From a SPARC based system, you can upgrade from the Solaris 2.6, Solaris 7, or Solaris 8 operating environment to the Solaris 8 or Solaris 9 operating environment.
From an x86 based system, you can upgrade from the Solaris 7 or 8 operating environment to the Solaris 8 or Solaris 9 operating environment.
You cannot upgrade to the Solaris 7 operating environment.
You must upgrade to the same release that contained the Solaris Live Upgrade software that you installed on the currently running system. For example, if on your current operating environment, you installed Solaris Live Upgrade from the Solaris 9 release, you must upgrade to the same Solaris 9 release.
Solaris Live Upgrade is included in the Solaris 9 software, but if you want to upgrade from previous releases, you need to install the Solaris Live Upgrade packages on your current operating environment. You can install the Solaris Live Upgrade packages from the following:
An installer on the Solaris 9 DVD, the Solaris 9 Software 2 of 2 CD, or a net installation image.
The pkgadd command. If you are using the pkgadd command, the packages are SUNWlur and SUNWluu, and these packages must be installed in that order.
For instructions on installing the Solaris Live Upgrade software, see To Install Solaris Live Upgrade.
Follow general disk space requirements for an upgrade. See Chapter 5, Guidelines for Allocating Disk Space and Swap Space (Planning).
To estimate the file system size that is needed to create a boot environment, start the creation of a new boot environment. The size is calculated. You can then abort the process.

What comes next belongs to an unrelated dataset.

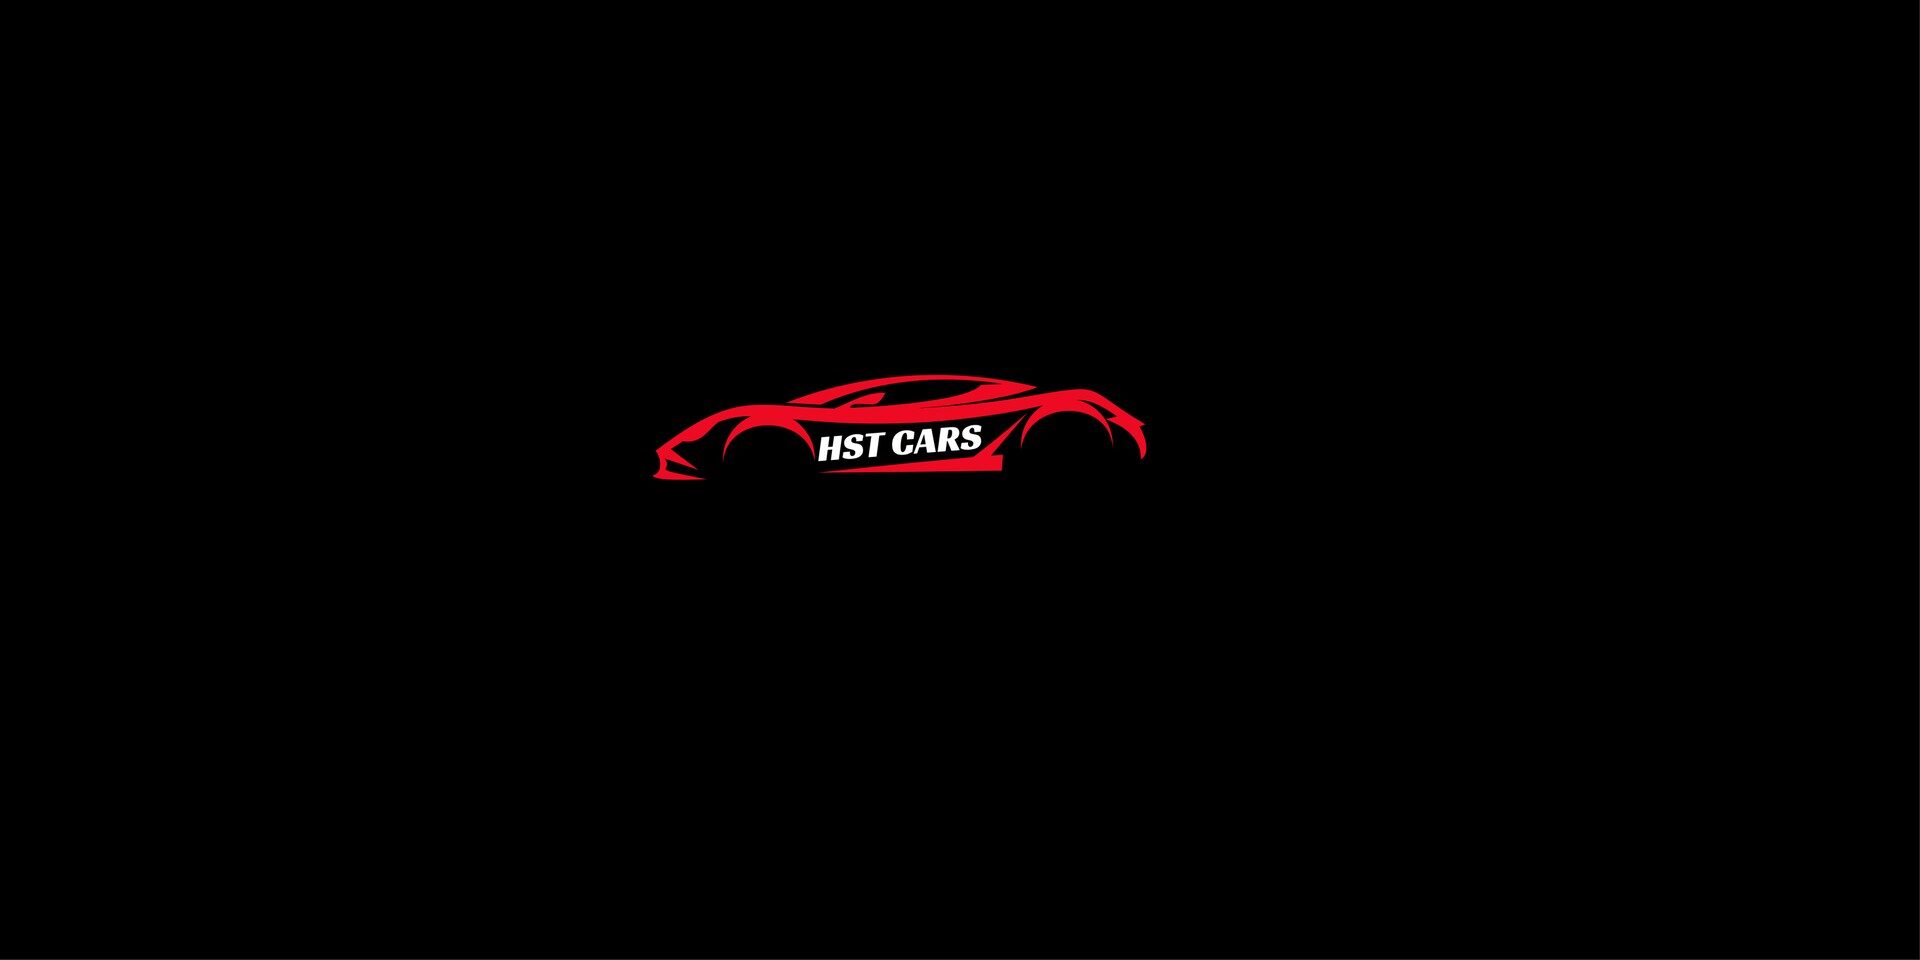 HST CARS

The disk on the new boot environment must be able to serve as a boot device. Some systems restrict which disks can serve as a boot device. Refer to your system's documentation to determine if any boot restrictions apply.

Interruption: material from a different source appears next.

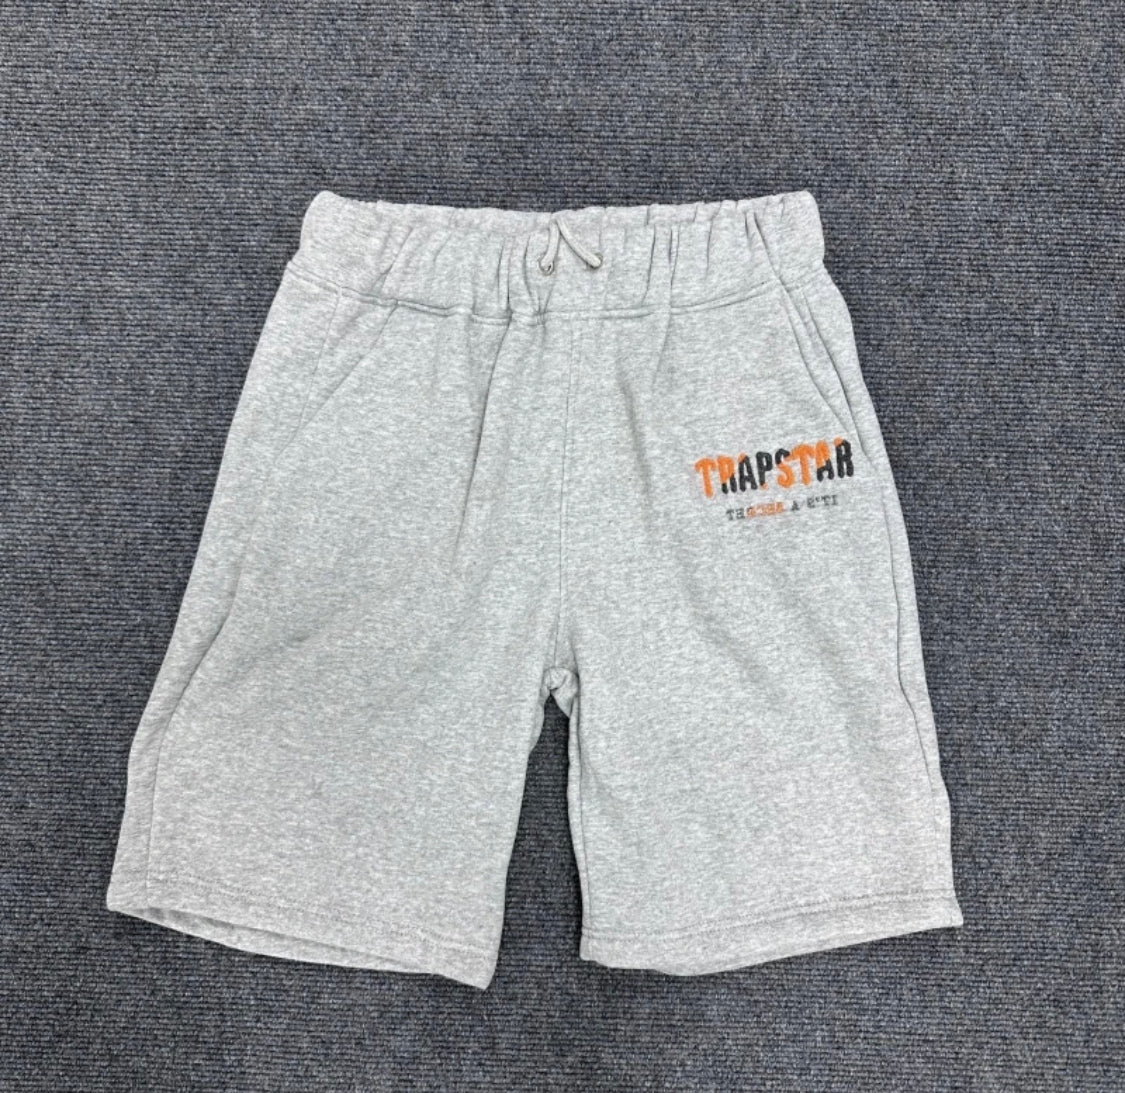 Chenile Shorts and tee - Grey/Black/Orange

The disk might need to be prepared before you create the new boot environment. Check to make sure the disk is formatted properly:
Identify slices large enough to hold the file systems to be copied.
Identify file systems that contain directories that you want to share between boot environments rather than copy. If you want a directory to be shared, you need to create a new boot environment with the directory put on its own slice. The directory is then a file system and can be shared with future boot environments. For more information on creating separate file systems for sharing, see Guidelines for Selecting Slices for Shareable File Systems.
Solaris Live Upgrade uses Solaris Volume Manager technology to create a boot environment that can contain file systems that are RAID-1 volumes (mirrors). To use the mirroring capabilities of Solaris Live Upgrade, you must create at least one state database and at least three state database replicas. A state database stores information on disk about the state of your Solaris Volume Manager configuration. The state database is a collection of multiple, replicated database copies. Each copy is referred to as a state database replica. When a state database is copied, the replica protects against data loss from single points of failure. For procedures about creating a state database, see “State Database (Overview)” in Solaris Volume Manager Administration Guide.
Solaris Live Upgrade does not implement the full functionality of Solaris Volume Manager. Solaris Live Upgrade supports only a RAID-1 volume (mirror) with single-slice concatenations on the root (/) file system. A mirror can be comprised of a maximum of three concatenations. For guidelines on creating mirrored file systems, see Guidelines for Selecting Slices for Mirrored File Systems.